Cada um desses personagens desafiam Reacher de formas diferentes: Neagley traz o calor de uma amizade verdadeira, Dixon impõe ao protagonista o pesar do amor romântico e O’Donnell o tenta com a ideia de uma vida estável e tradicional. O tempo de processamento desses atritos se estende por pelo menos quatro episódios em que Ritchson acentua o ar avoado e distante de Reacher, às vezes parecendo até abobado em cena, para tirá-lo momentaneamente do leme da série.

É uma decisão que incomoda quem espera ver o fortão constantemente na dianteira dos casos que encara, mas que se prova certeira quando a nova temporada enfim engata em sua trama de vingança em equipe. À medida que Reacher aceita a ideia de que, se não pode ser ferido fisicamente, pode sentir dor emocional, Ritchson permite que o imponente colosso da primeira temporada volte com força total, promovendo sua típica carnificina. Agora, entretanto, mais humano; admitidamente um produto complexo do encontro entre uma sociedade militarizada e fascinada pela violência com um código de moral idealista, extraído diretamente da utopia libertária que alicerçou a fundação dos EUA.

A sublimação dessa crítica quase paródica ao próprio sistema que alçou o personagem Jack Reacher ao status de ícone cultural é, de longe, o que mais aproxima a série de TV da obra de Child, até aqui — além do ponto mais forte dessa segunda temporada.
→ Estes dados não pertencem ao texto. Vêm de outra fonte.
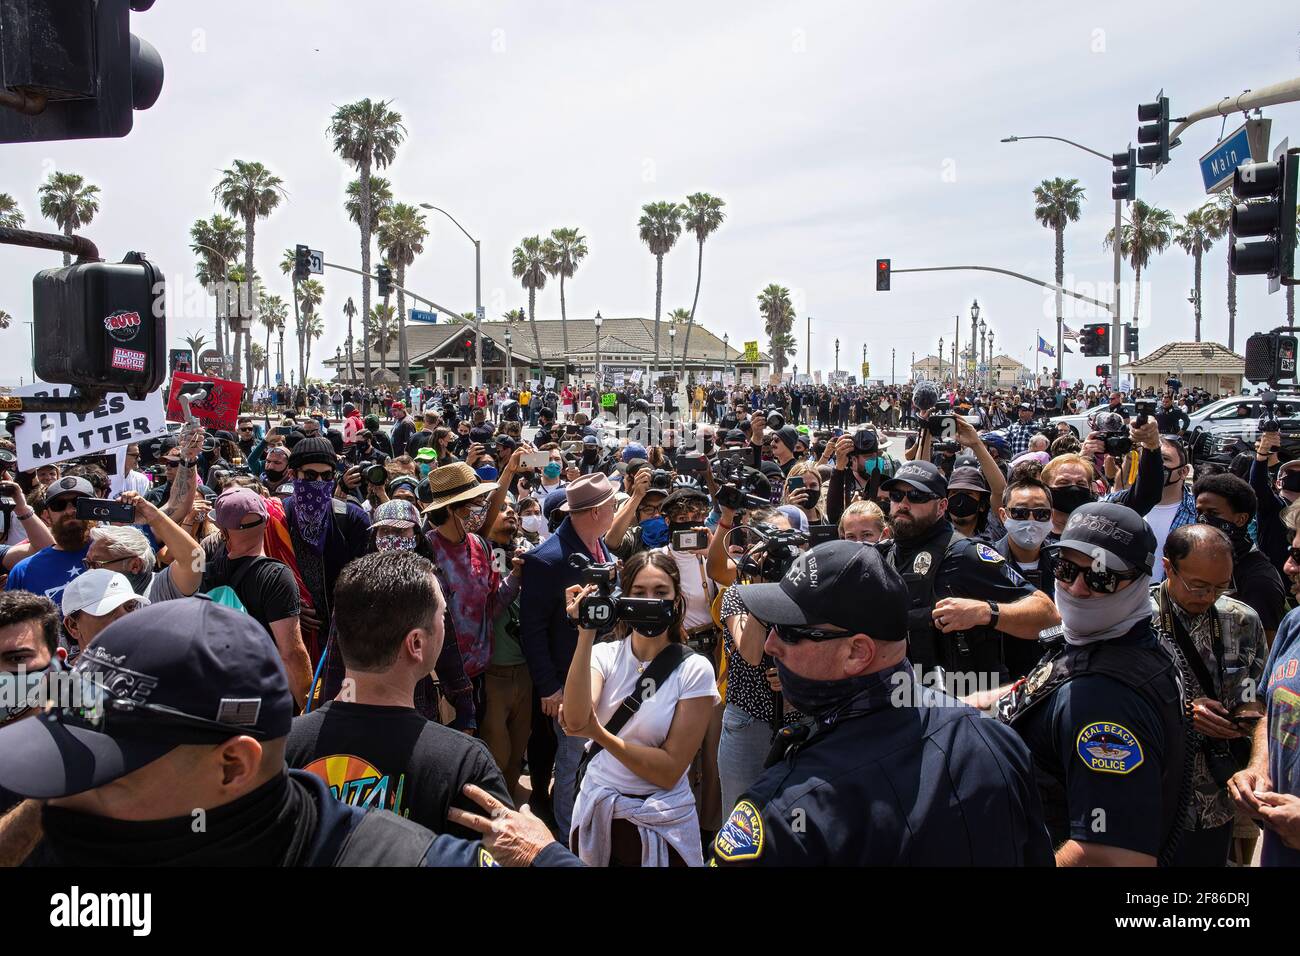 Huntington Beach, United States. 11th Apr, 2021. Crowds of protesters and counter-protesters gather in front of the Huntington Beach Pier during the demonstration. Upon word spreading amongst various social media and messaging platforms that there was to be a 'White Lives Matter' protest at the Huntington Beach Pier at 1pm, a large group of counter protesters arrived at the pier to stop the 'White Lives Matter' protest. The day resulted to clashes between counter protesters and white lives matter protesters both verbal and physical. Credit: SOPA Images Limited/Alamy Live News Stock Photo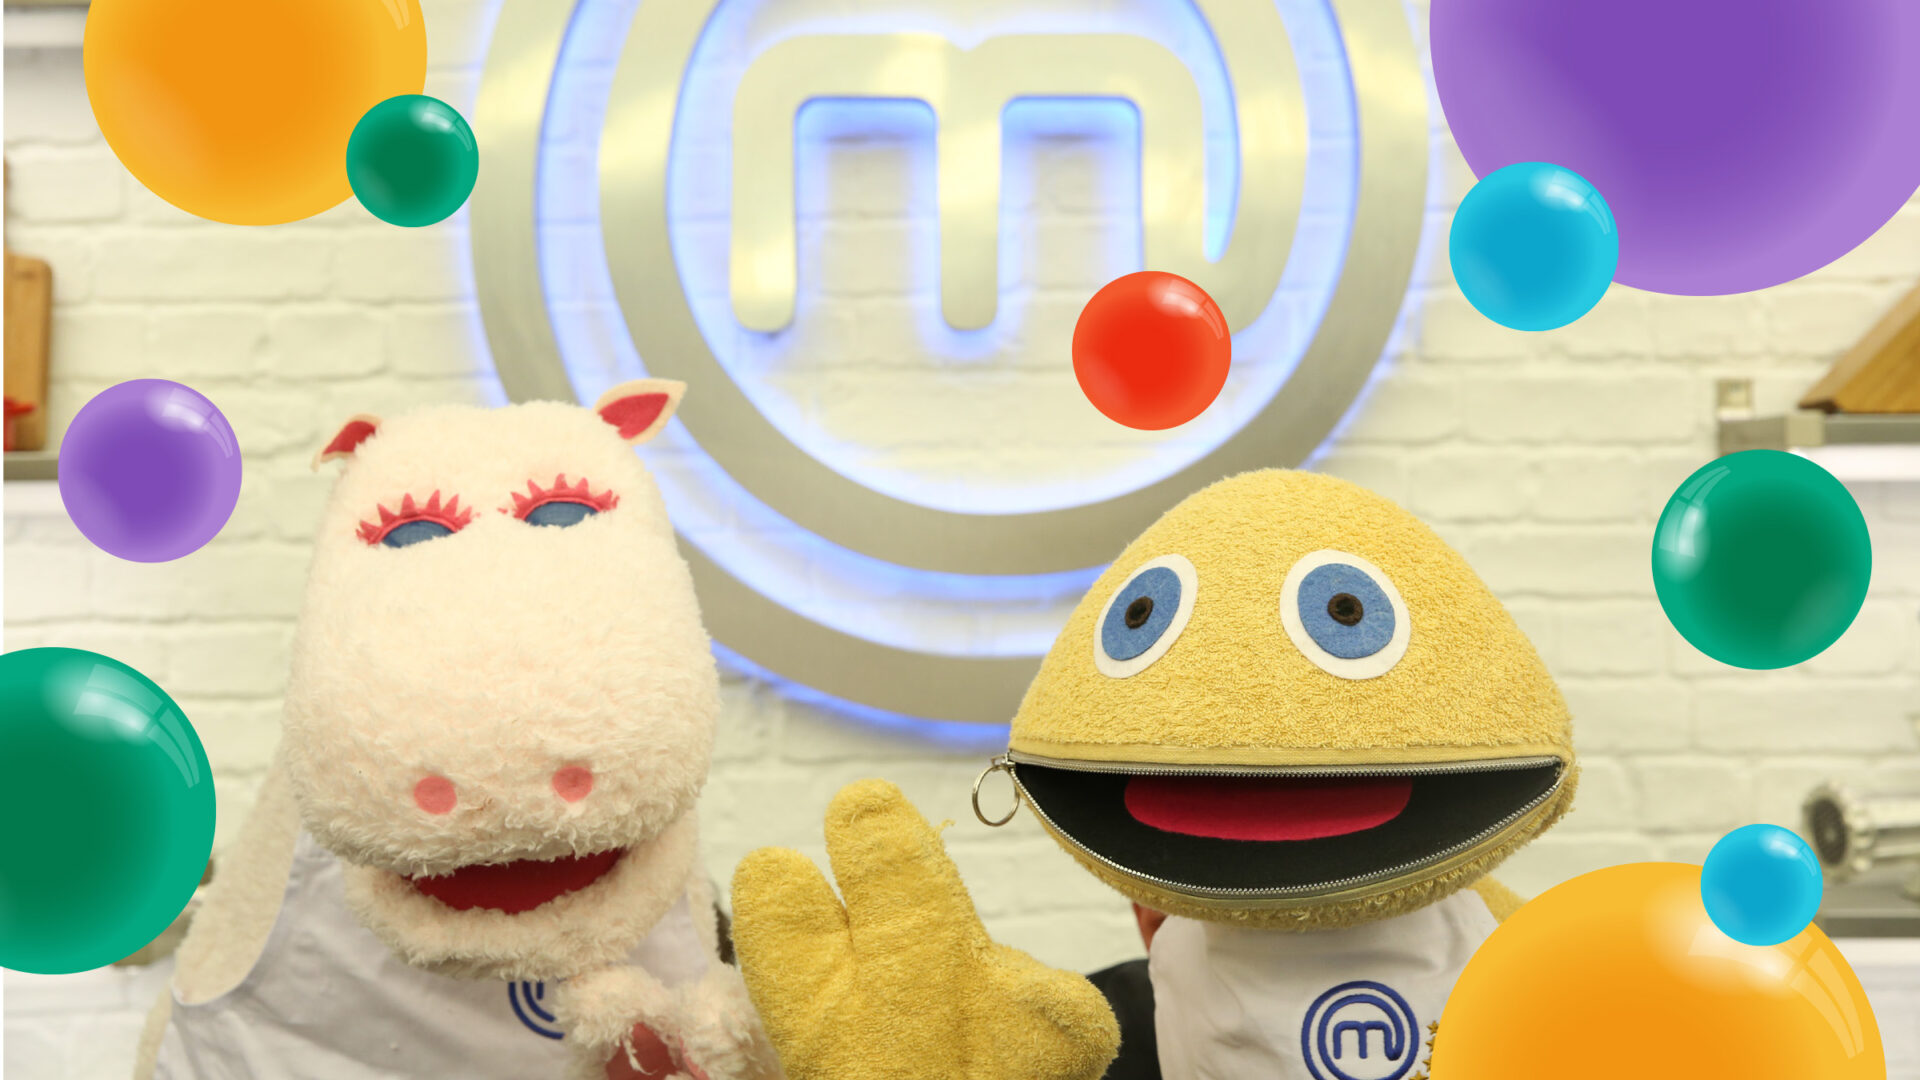 George and Zippy in front of the masterchef logo

É também o que enfim explica, de maneira clara e didática, por que é tão importante para Reacher manter-se à margem do sistema, em sua vida nomádica de pretensa simplicidade. Além de redimir uma trilha sonora que, apesar de sensacional, é insistentemente professoral em relação ao que se vê em tela.

Do encerramento ao som de “Simple Man”, faixa histórica de 1973 do álbum de estreia da banda Lynyrd Skynyrd, ao uso de “Psycho Killer”, o hit máximo de 1977 dos Talking Heads, Reacher tem sua história e seu personagem-título muito bem explicados pelas músicas que pontuam toda a trama. O didatismo continua também no papel que dois novos personagens exercem na série: o policial Gaitano Russo (Domenick Lombardozzi, excelente em pouco tempo de tela), que está ali apenas para alicerçar um até então inédito melodrama, e o mercenário A.M. (Ferdinand Kingsley), que serve para solidificar a transposição às telas da acidez com que Child retrata nas páginas as fantasias militares dos EUA. Ainda assim, isso não prejudica a produção; na realidade, faz bem a ela, já que serve como reforço estilístico e temático ao seu propósito da vez: amadurecer não só seu personagem-título, como também a visão do público sobre ele, abrindo assim horizontes mais amplos para histórias ainda mais ousadas, exageradas e descompromissadas, no futuro.

Assim, ao contrário do que poderia acontecer se não fosse tão bem conduzida, a segunda temporada de Reacher só cresce quando salta do estudo de personagem à ação espalhafatosa. Com direito a helicóptero sendo escalado em pleno voo e montagem melodramática que vê problemas de pessoas trabalhadoras e honestas sendo resolvidos com dinheiro roubado do tráfico de armas internacionais (e, claro, ao som da canção anti-sistema “Beat the Machine”, dos Quaker City Night Hawks), esse novo ano da série se amarra de forma brutal, ocasionalmente piegas, sutilmente nostálgica e inteiramente apropriada. Não à toa, exatamente como seu protagonista escolhe navegar e interagir com um mundo que, embora não entenda perfeitamente, o fascina intensamente.